Я наблюдал за демонстрацией до тех пор, пока военные трубы и барабаны не стихли вдали; последним, что я увидел, было большое знамя с изображением голов – желтой, черной, белой и красной – они символизировали угнетенные народы. Головы сидели на плечах, плечи продолжались руками, а руки держали оружие, которое следовало направить против угнетателей.
Внезапно меня осенило: я отправился на кухню, отыскал старую связку ключей, в том числе и секретных, и подошел к гардеробу в сервировочной. Нижний ящик одного из комодов был заперт, я отпер замок и выдвинул ящик. Тот, разумеется, был пуст: старое орудие исчезло.
Единственным, что осталось от автомата, была грубая замасленная джутовая ткань. И магазин, и снаряды исчезли. Если бы не запах оружейной смазки, я вполне мог бы поверить, что орудие мне привиделось. Но запах нельзя было спутать ни с чем: в этом ящике прежде обитал автомат – холодная блестящая рептилия, которая вдруг решила сбежать.
С чем бы Генри ни собирался разобраться, он не шутил. У меня не оставалось сомнений: он говорил всерьез.

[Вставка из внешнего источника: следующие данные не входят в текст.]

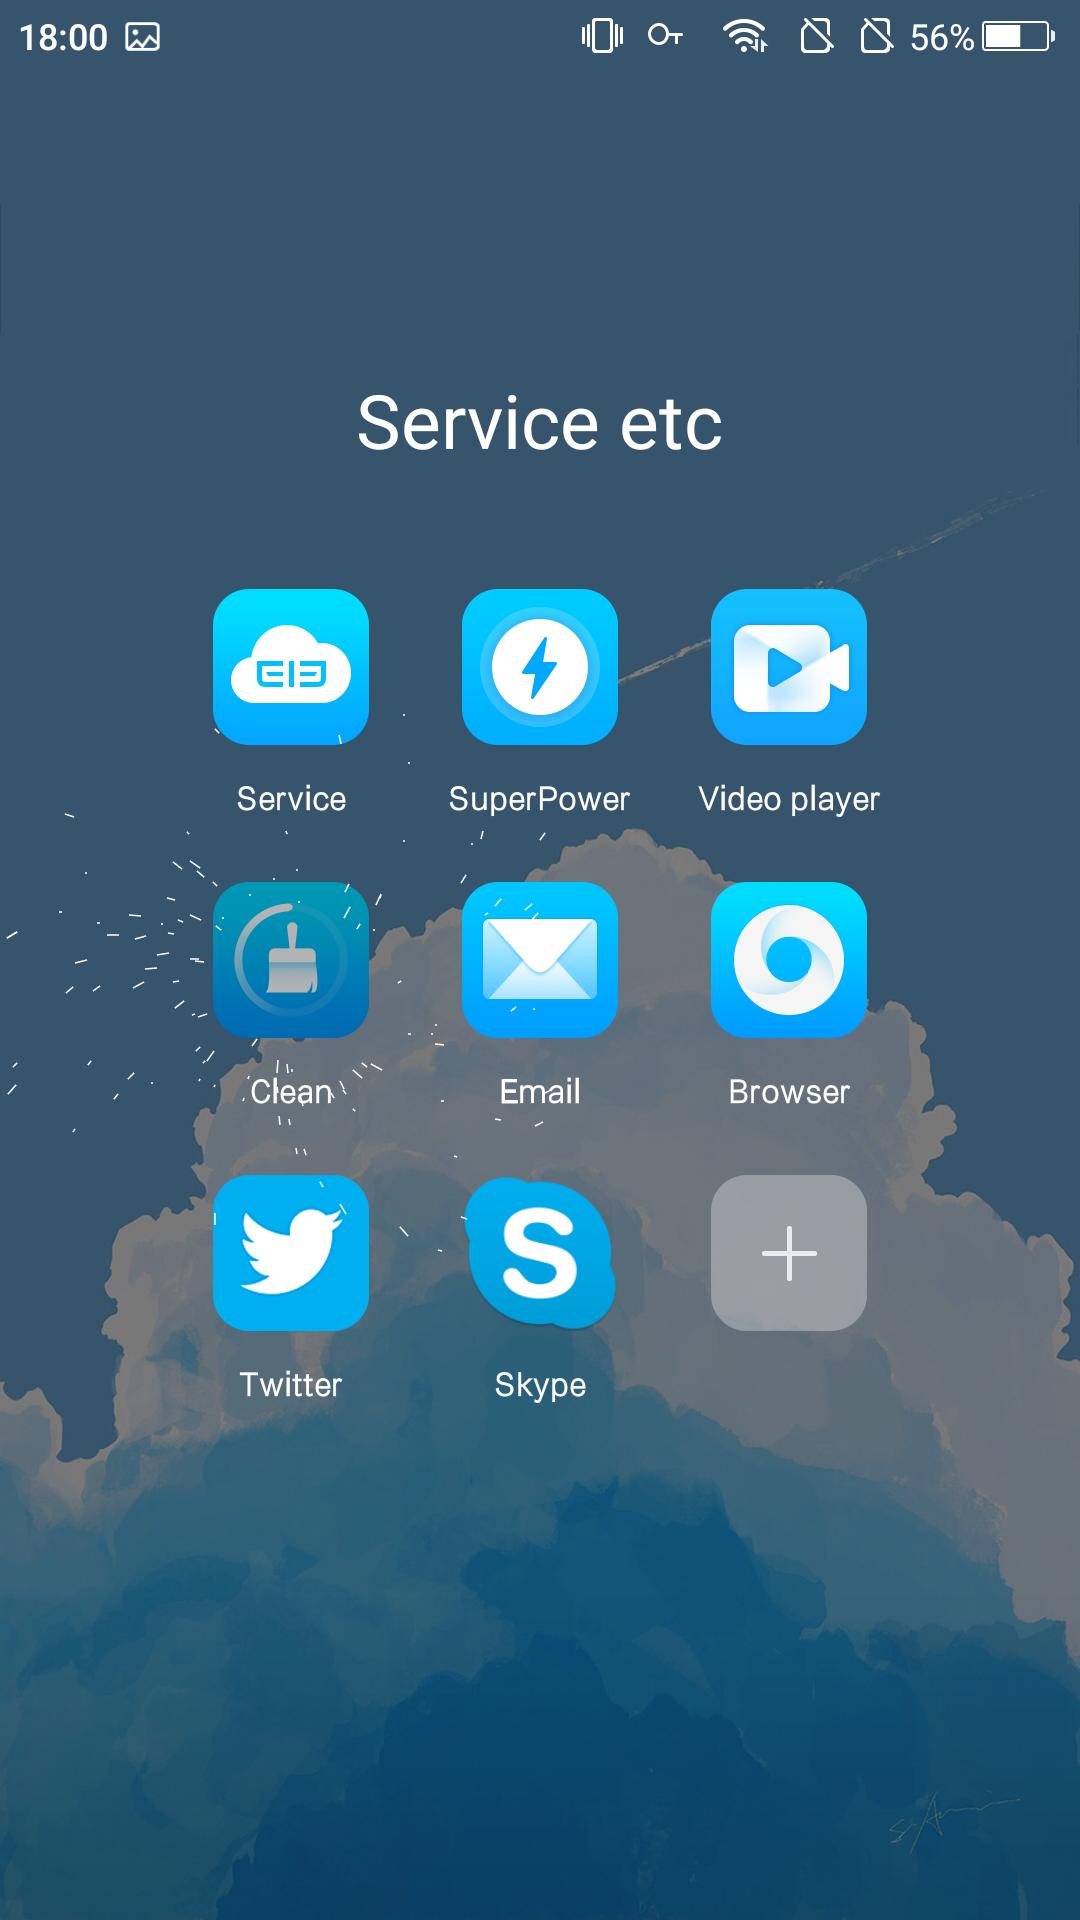 ELE OS 1.0 Services
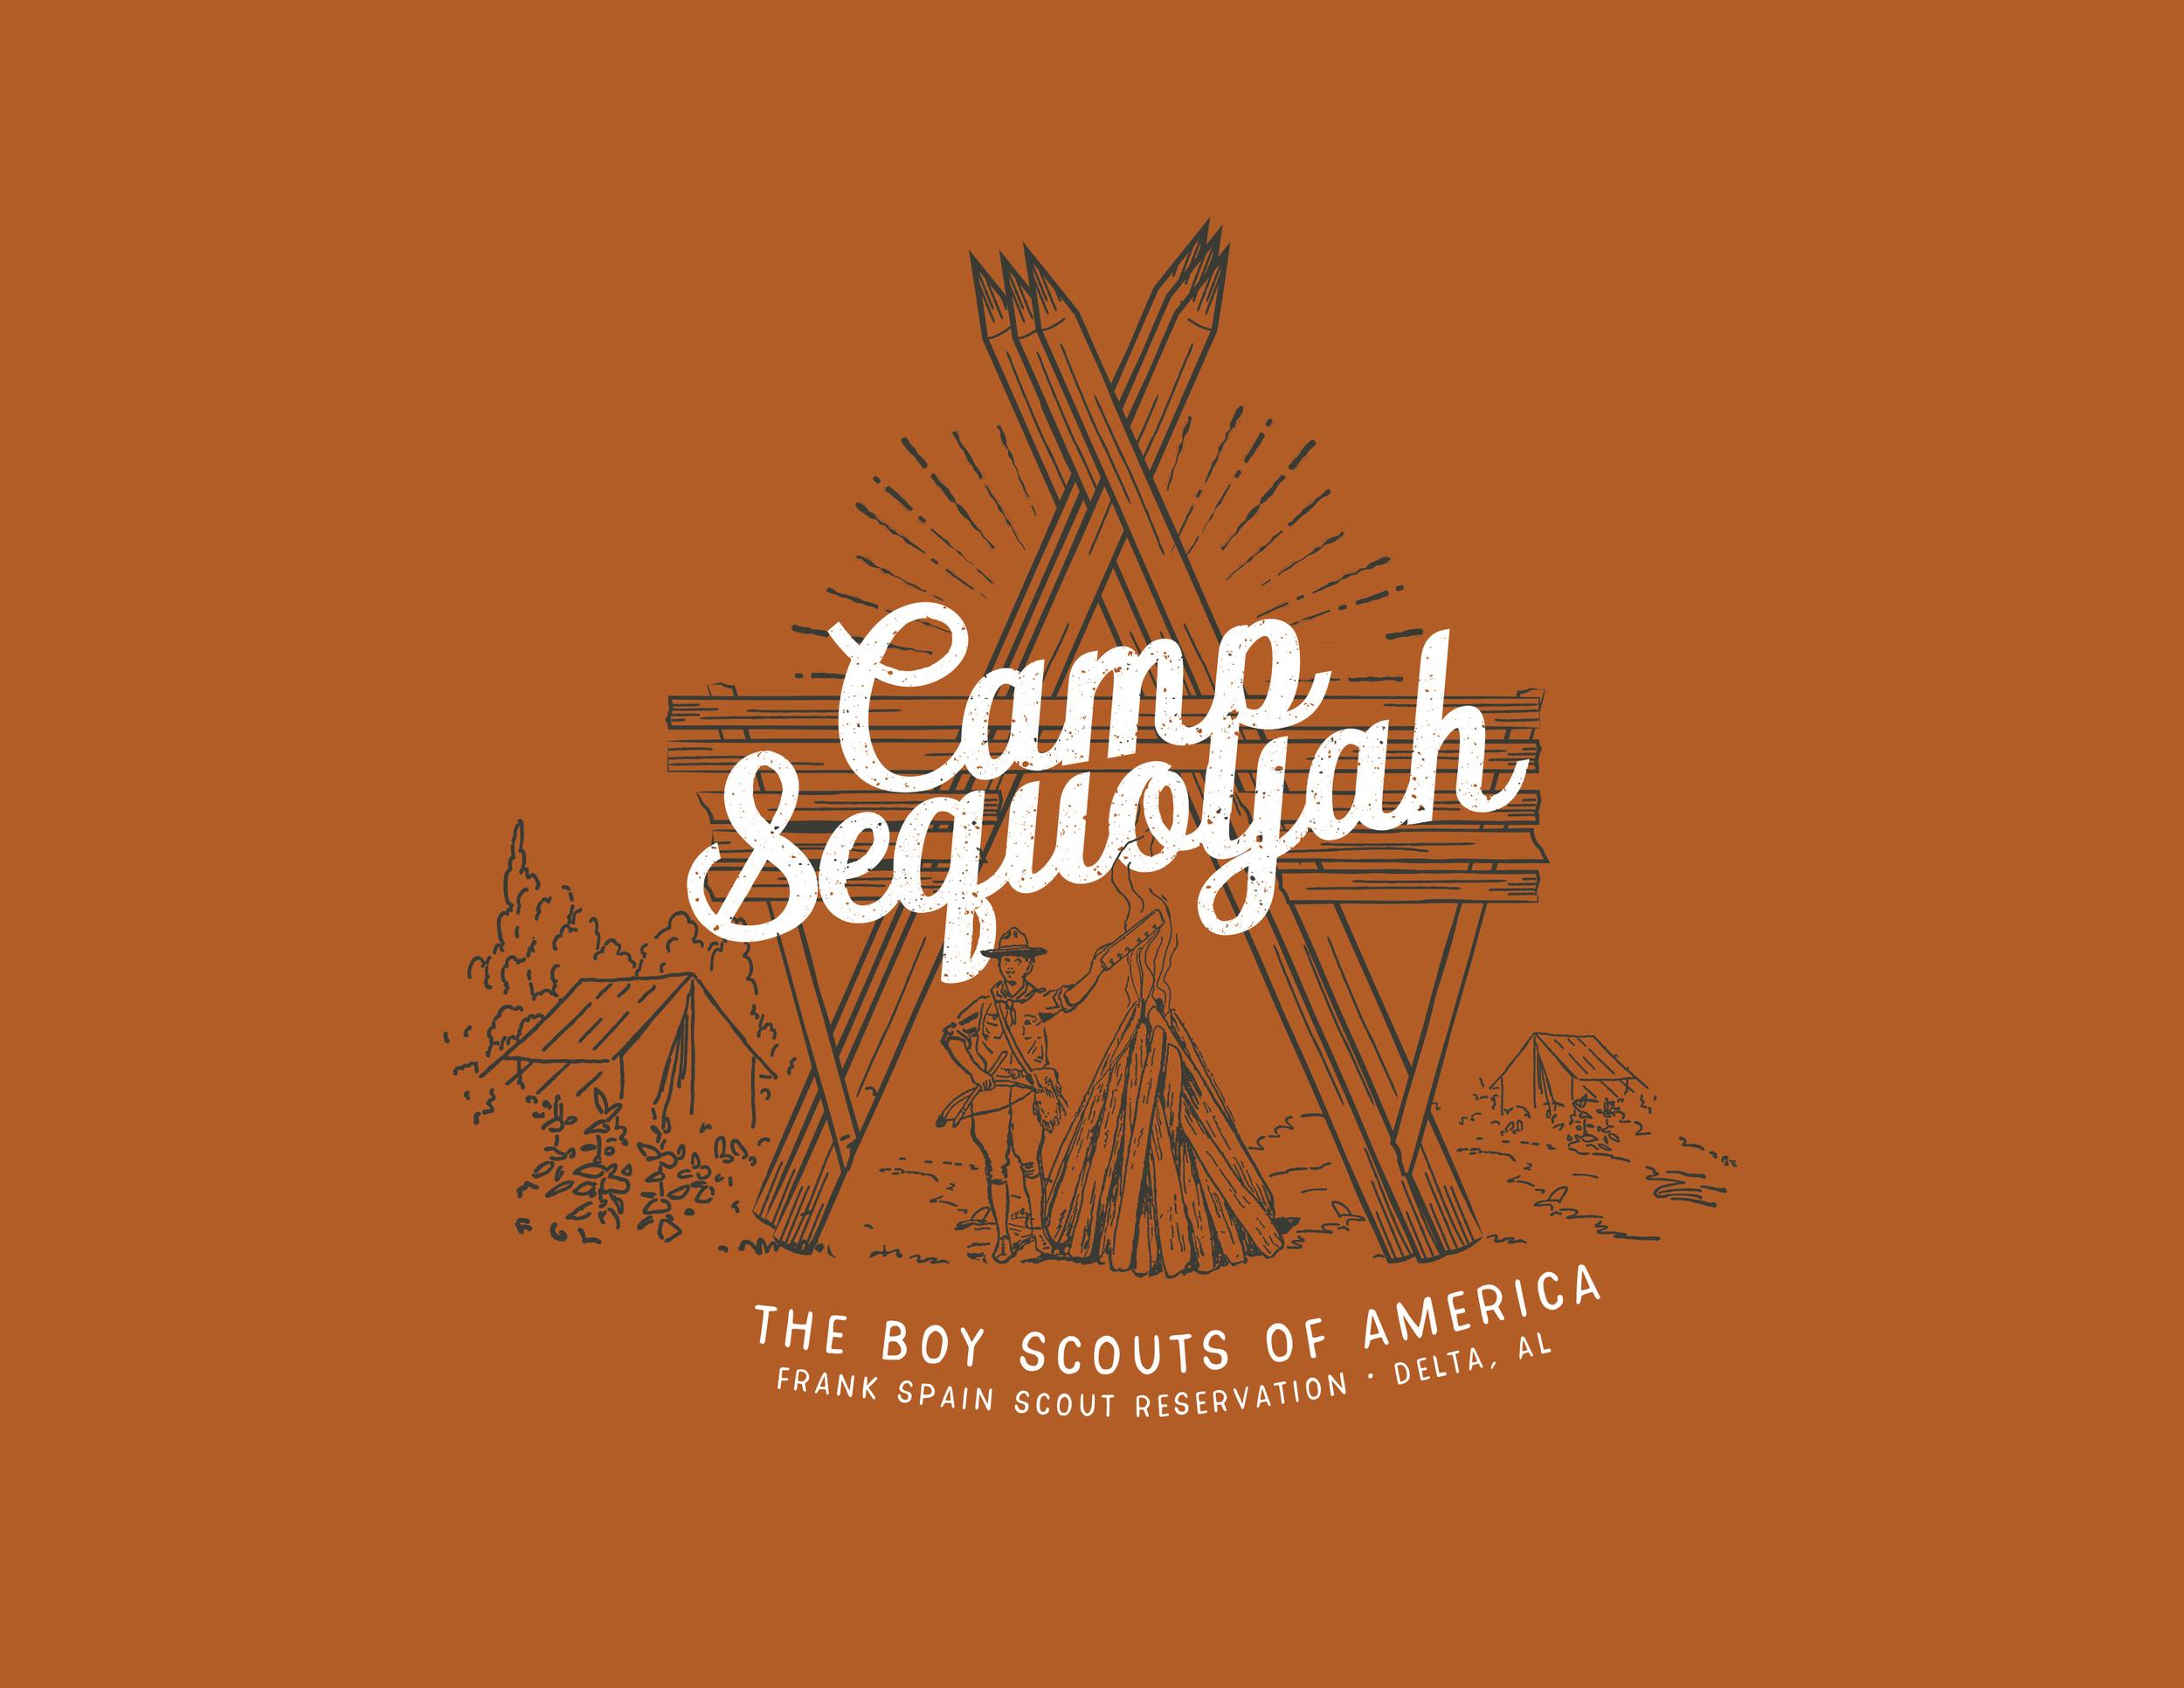 CampSequoyah_Tshirts-02.jpg

После недели, проведенной в абсолютном безделье, я совершенно утратил покой. Под покровом ночи и вязаной шапочки я выбирался в открытые по вечерам бакалейные лавки – этим ограничивался мой контакт с окружающим миром. За это время я прочитал все газеты вдоль и поперек, чтобы, возможно, найти какое-то объяснение загадочным происшествиям, но не находил ни строчки на интересовавшую меня тему. Я внимательно изучил все объявления в рубрике «Личное», пытаясь расшифровать послания вроде: «28.04.79. Жди как обычно на набережной 12», – но понимал, что они не могут иметь отношения ко мне. Кроме того, я смотрел все выпуски теленовостей, но в них речь шла о всевозможных революциях на всевозможных континентах, кроме моего собственного. Ни слова о предполагаемых министрах промышленности и их «генеральных уборках». Я оказался в самом центре кошмара, галлюцинации, я щипал себя и делал глубокие вдохи, бегал и скакал в сервировочных коридорах и пробовал прочие классические приемы, чтобы убедиться, что бодрствую, хоть и схожу с ума от тревоги.
После недельной аскезы я понял, что с меня хватит. Натянув вязаную шапочку, я спустился в «Мёбельман», чтобы поговорить с Биргером и Грегером. Они все еще работали в «Пещере Грегера» – в «Убежище» – и не могли понять, куда делись мы трое.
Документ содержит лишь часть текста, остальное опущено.